Он наклоняется через стол и успокаивающе гладит меня по запястью.
Говорит:
– Дружочек, не будем ссориться, ладно? Расскажи лучше про новеньких в нашем серпентарии. Что за типы?
Отвожу взгляд и пытаюсь перестроиться. Фокину никогда не нравился Слава. Друг слишком уважительно относится ко мне, чтобы открыто высказывать свое отрицательное мнение о моем парне, но отпечаток недовольства и легкие шутки я ловлю от него постоянно. На старте отношений с Ковалевым мне было легко противостоять этому, но теперь мнение Джипа только больше меня путает. Хочется защищать своего парня, но я сама слишком потеряна в эмоциях и мыслях.

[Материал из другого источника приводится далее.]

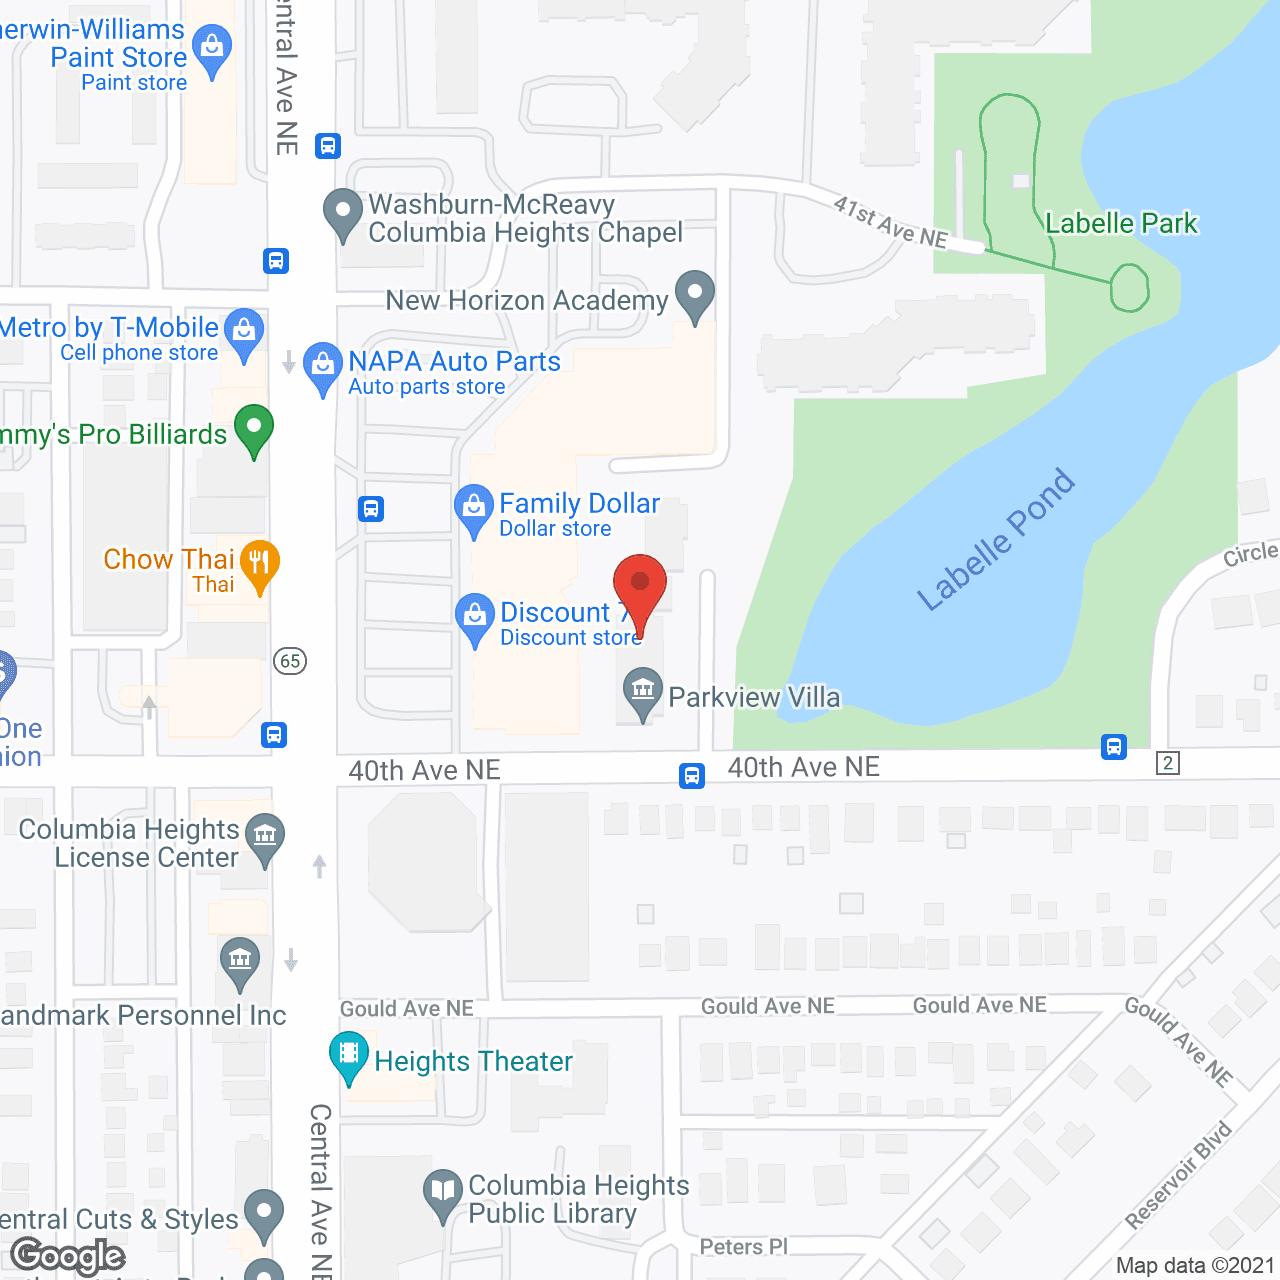 Parkview Villa in google map

Беру еще одну огуречную палочку и задумчиво жую. Рассказываю все, что знаю о близнецах по слухам и все, что успела понять сама.

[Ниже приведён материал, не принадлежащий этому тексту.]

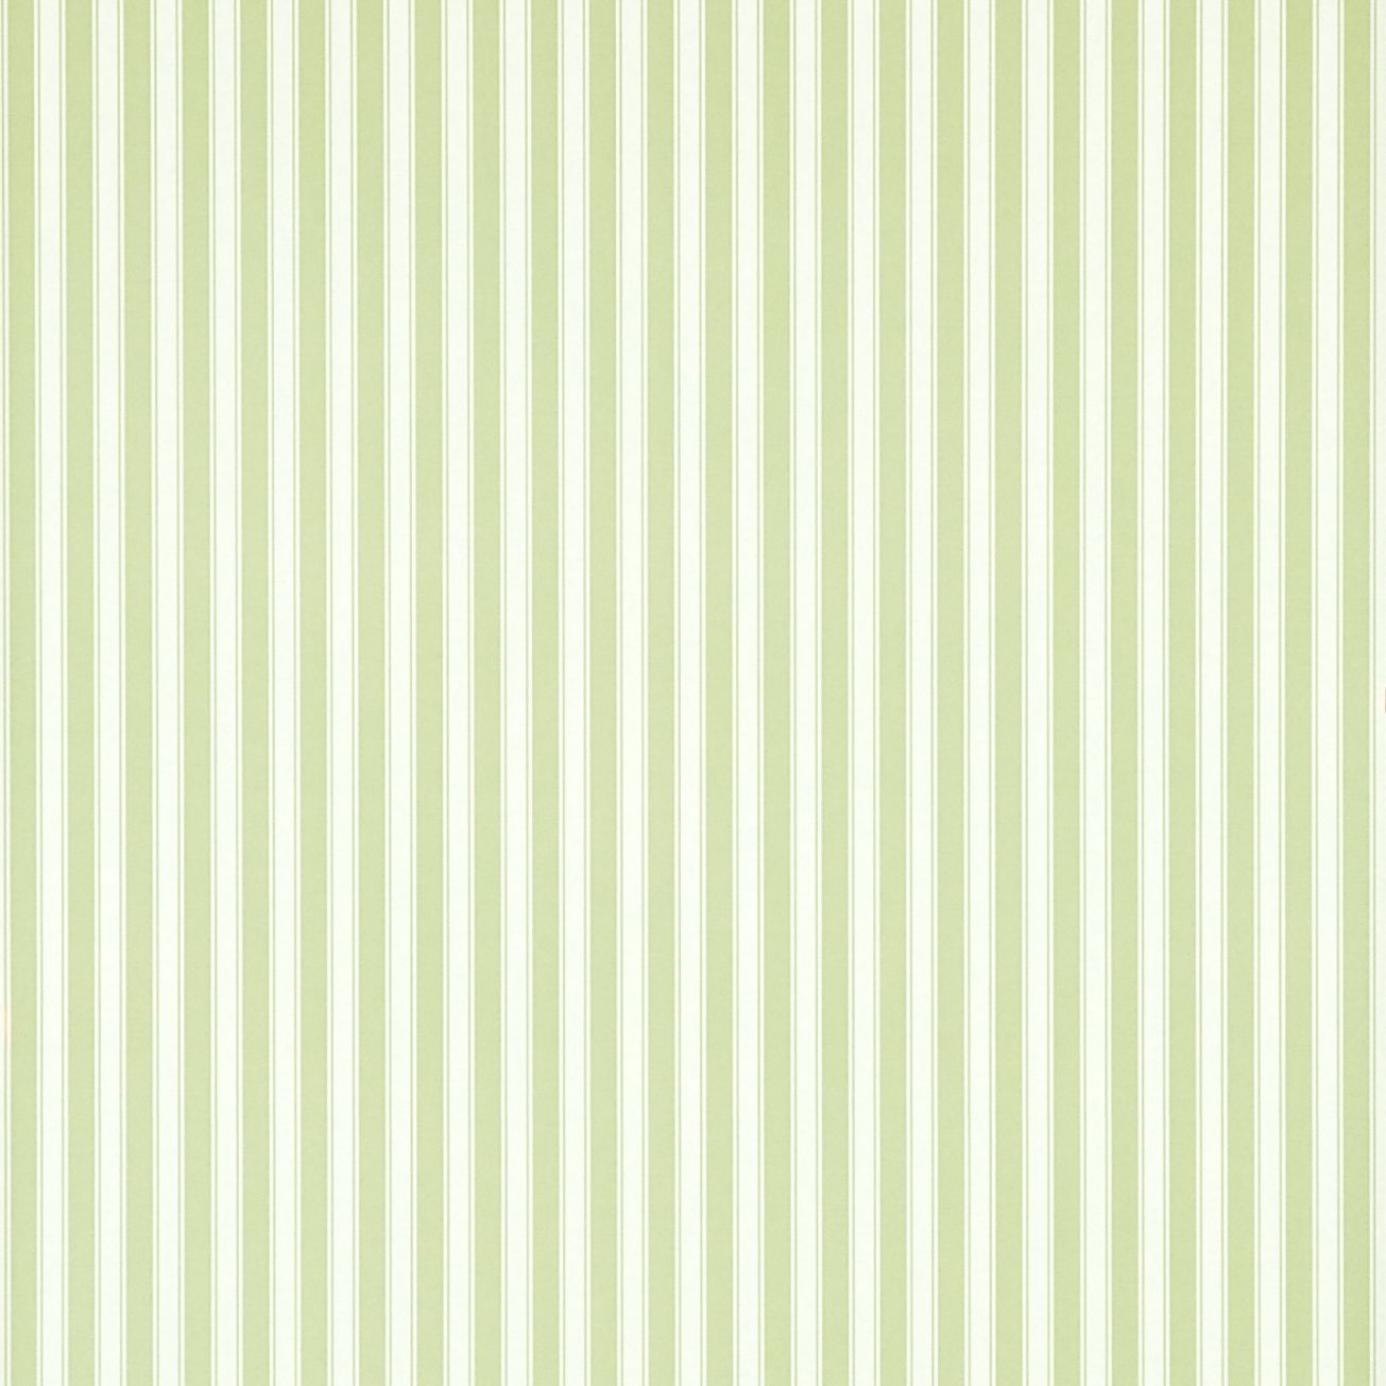 The green stripe

– Спроси у Гордея, – безапелляционно говорит Саня, – глупо слушать курочек из нашего класса и отголоски по углам школы.
– Думаешь, можно?
– Конечно. И на игру сходи.
– Думаешь?
– Машулик, ты хочешь, чтобы я тебя уговорил?
Насупившись, отворачиваюсь и ворчу:
– Нет. Зачем?
– За тем, что я тебя знаю, – говорит он мягко, а потом зовет, – Маш.

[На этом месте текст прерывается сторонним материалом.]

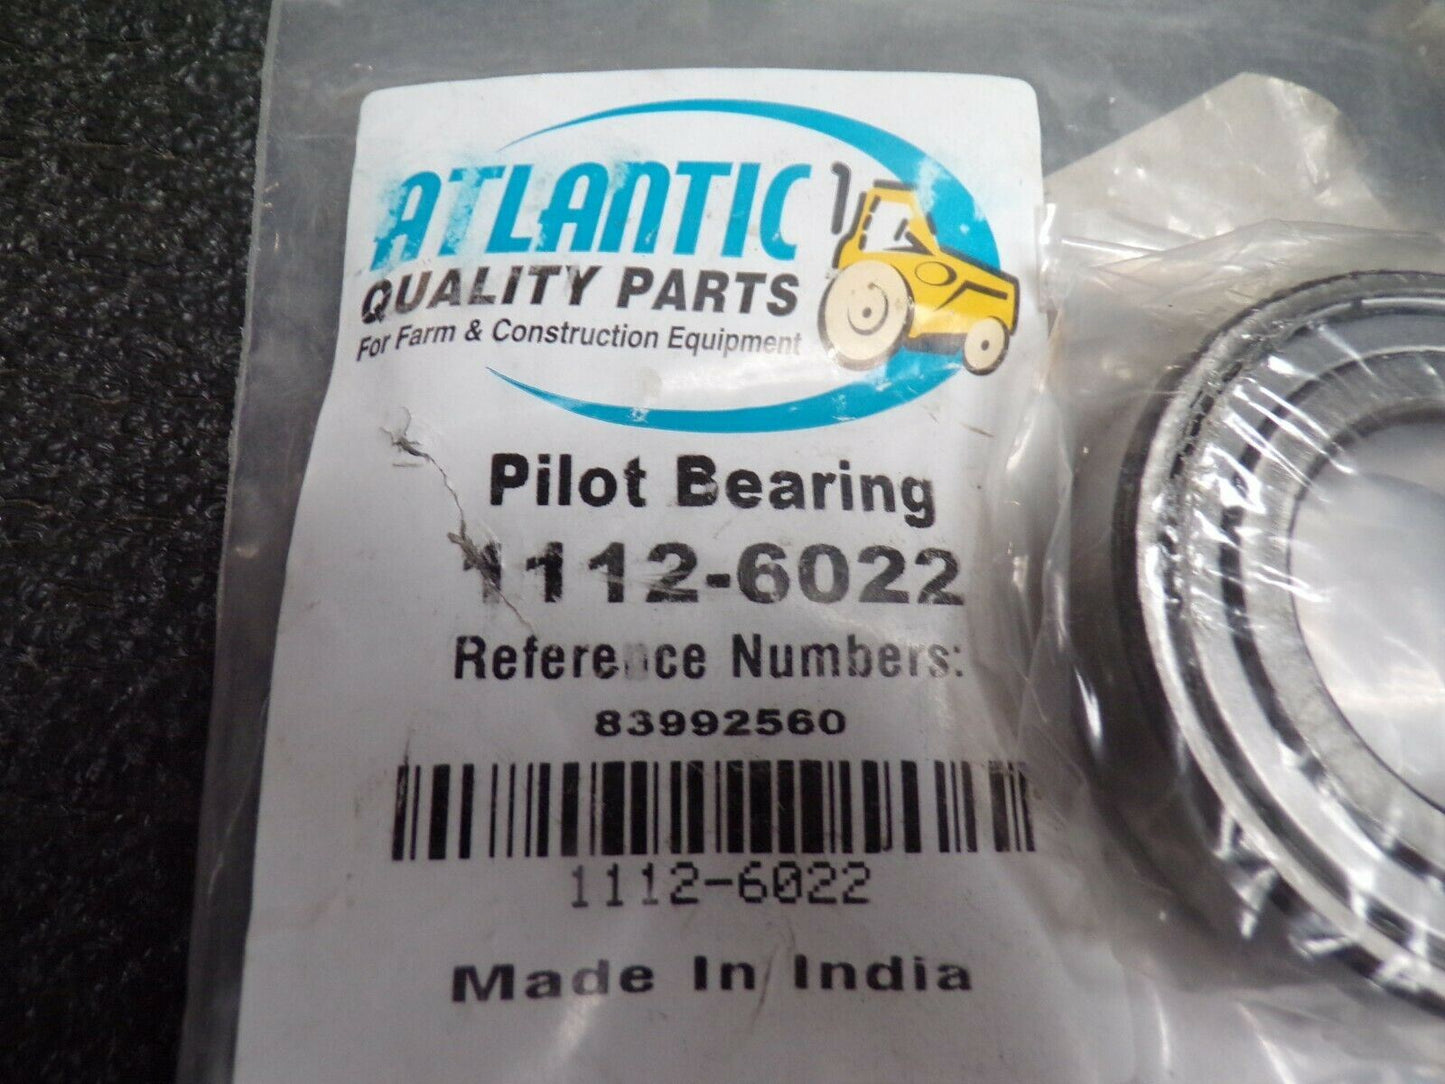 Pilot Bearing Ford/New Holland P/N 1112-6022 (184466621101-BT26)

Я вздыхаю, обреченно поворачиваю голову и смотрю Фокину в глаза.
Спрашиваю:
– Ну что?
– Нравится тебе новенький?
– Их там двое, – сражаюсь из последних сил.
– Да, – он постукивает палочкой огурца себя по носу, – одинаковые капе-е-ец. Даже родинка над губой, я вообще в шоке, что такое бывает. Одинаковая родинка!
– Она разная, – вырывается у меня вдруг.
Тут же поджимаю губы, сожалея об утечке информации. Теперь мне точно не отвертеться. Тру лоб ладонью, со смирением ожидая издевательского вопроса. И Саня, конечно, тут же интересуется с чудовищной иронией:
– Разные родинки?
– М-м-м…Там, да. У Гордея она другой формы и чуть выше, вот здесь, – указываю пальцем в нужное место на своем лице, – а у Ефима не такая крупная, и э-э-э… пониже.
К концу фразы голос мой совсем глохнет, а лицо клонится к столешнице. Покорно жду реакции друга, и он начинает смеяться.
Громко, со вкусом, разок прикладывая ладонь об парту.
Выдавливает наконец:
– Дурында… Господи, какая же ты дурында.
Я обиженно соплю. Но, глядя на то, как Джип хохочет, то и дело срываясь на тонкое хихикание, сама начинаю улыбаться. Словно со стороны чувствую, как плечи вздрагивают, и вот я уже тоже смеюсь.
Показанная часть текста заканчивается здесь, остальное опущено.